- Born: 1971 (age 54–55) Sri Lanka
- Occupation: Actress
- Spouse: Simon Allen (2002–present)

= Thusitha Jayasundera =

Sri Lankan actress

Thusitha Jayasundera (born 1971) is a Sri Lankan actress who lives in the United Kingdom. She attended an all-girls school run by Australian missionaries, and graduated from the Royal Academy of Dramatic Art in 1993.

Jayasundera played Tushura 'Tash' Bandara in the BBC hospital drama Holby City for three years from December 1999 to June 2002. She played DS Ramani De Costa in the ITV police drama The Bill from 2003 to 2006, and DS Ayesha Masood in the BBC series Silent Witness.

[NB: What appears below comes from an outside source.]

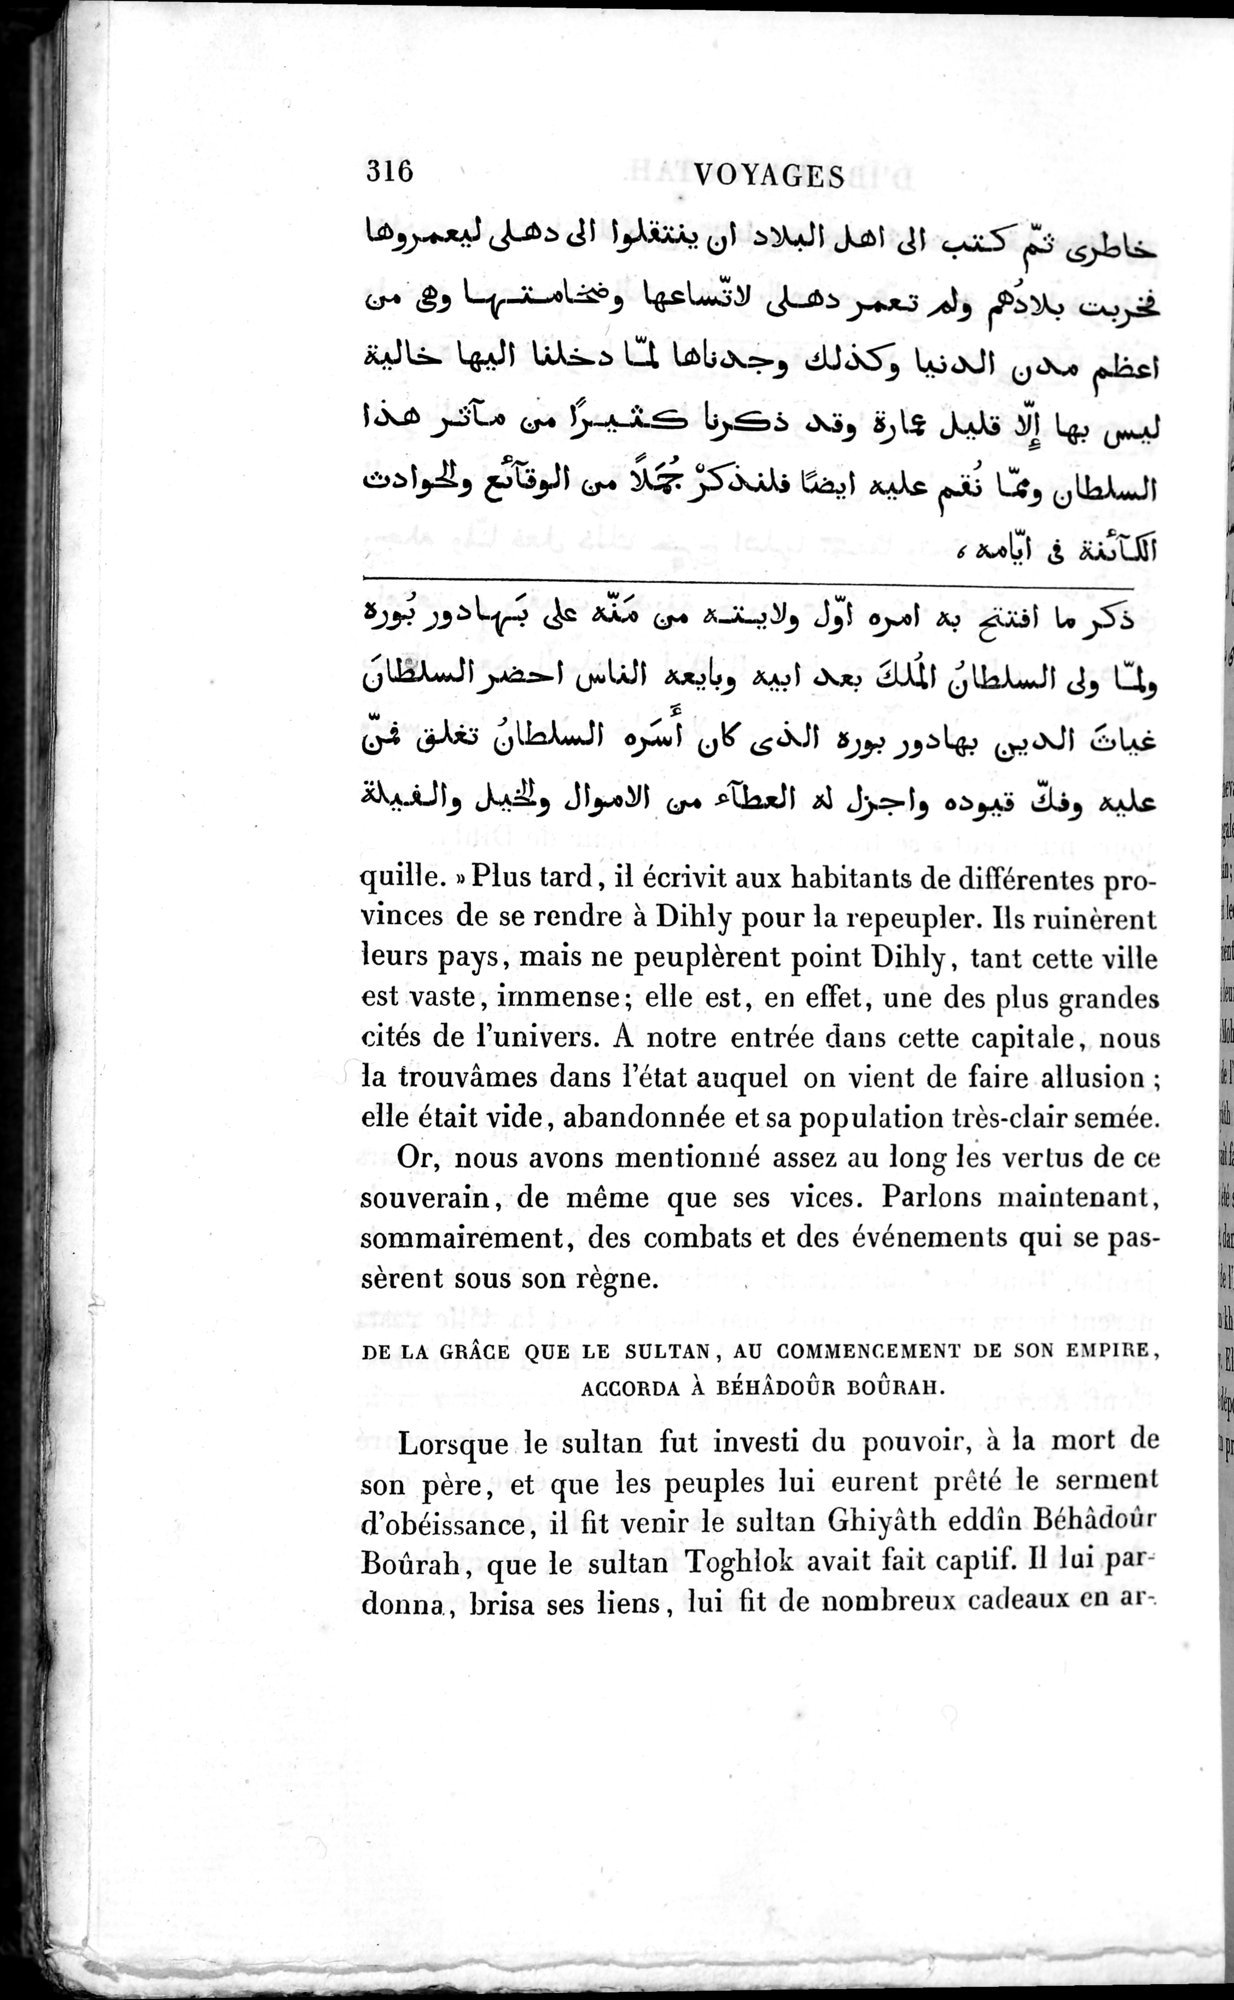 Voyages d'Ibn Batoutah : vol.3 / Page 356 (Grayscale High Resolution Image)
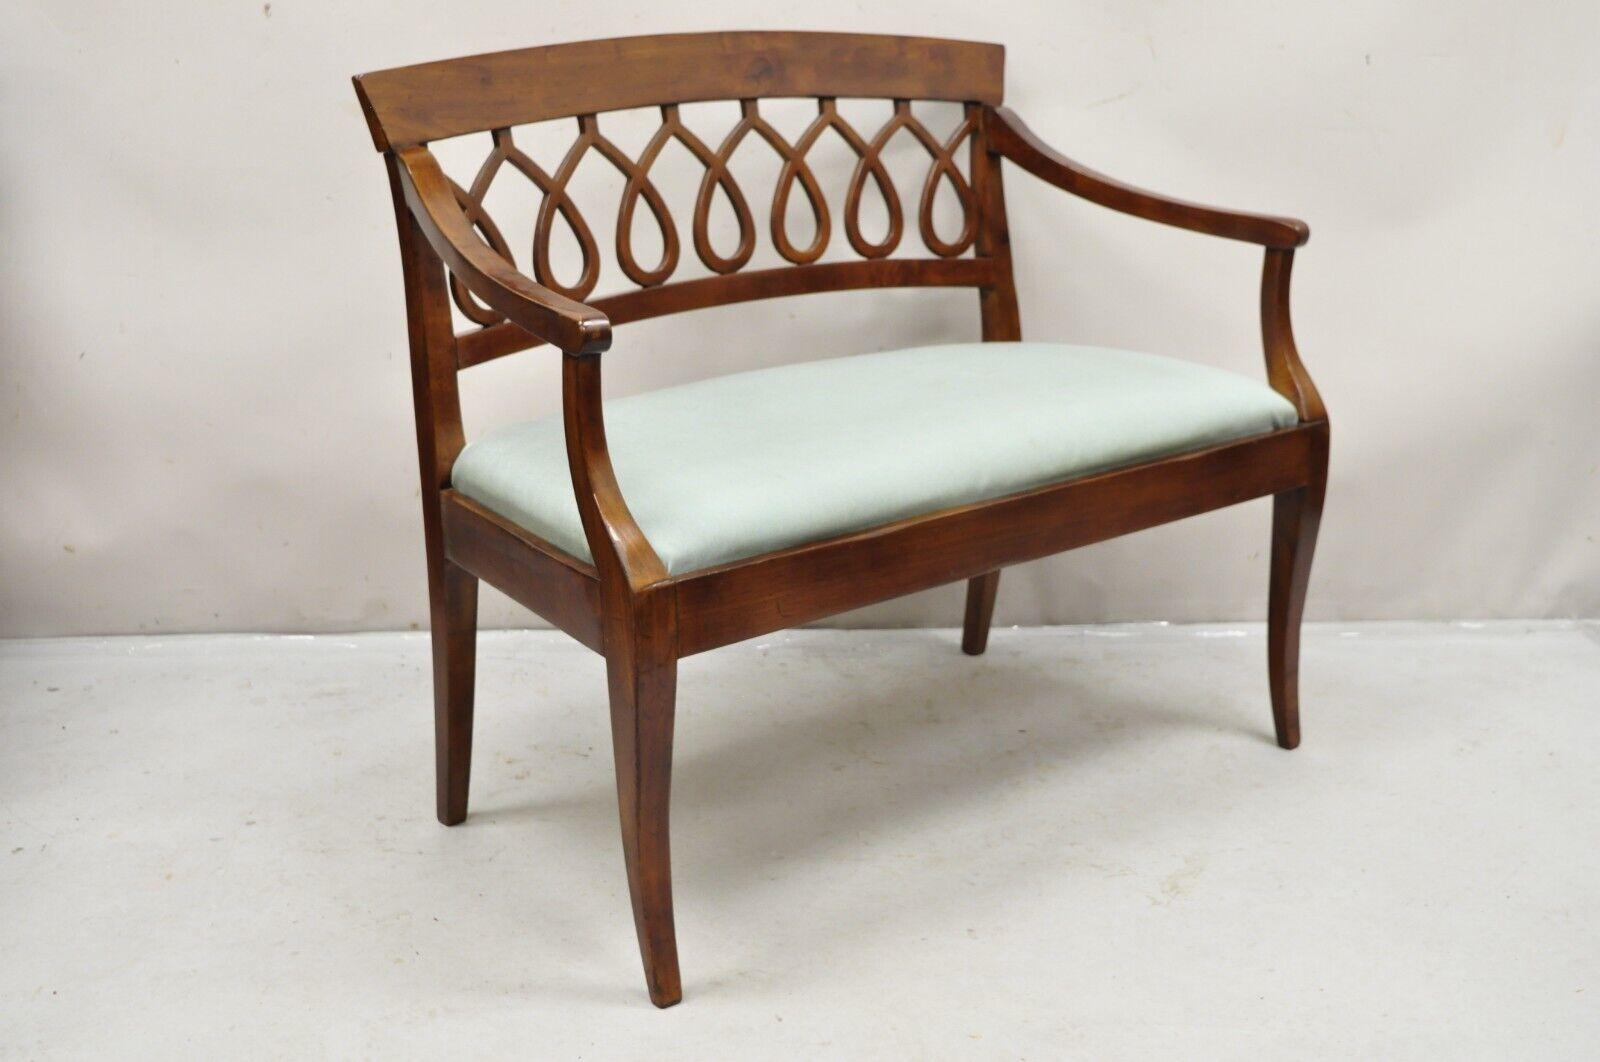 Vtg Italian Neoclassical Style Cherry Wood Spiral Carved Small Bench Loveseat. Item features solid wood construction,

She appeared in the National Theatre adaptation of Michael Morpurgo's novel, War Horse. In 2009 she appeared in the play Dreams of Violence by Stella Feehily for Out of Joint and Soho Theatre.

In 2015, she played Ros Mahendra in the BBC drama Doctor Foster. On 17 March 2019, Jayasundera appeared in Midsomer Murders in the episode "Death of the Small Coppers".

In December 2020, she was cast in the Amazon Prime Video series The Lord of the Rings: The Rings of Power, which premiered on 2 September 2022.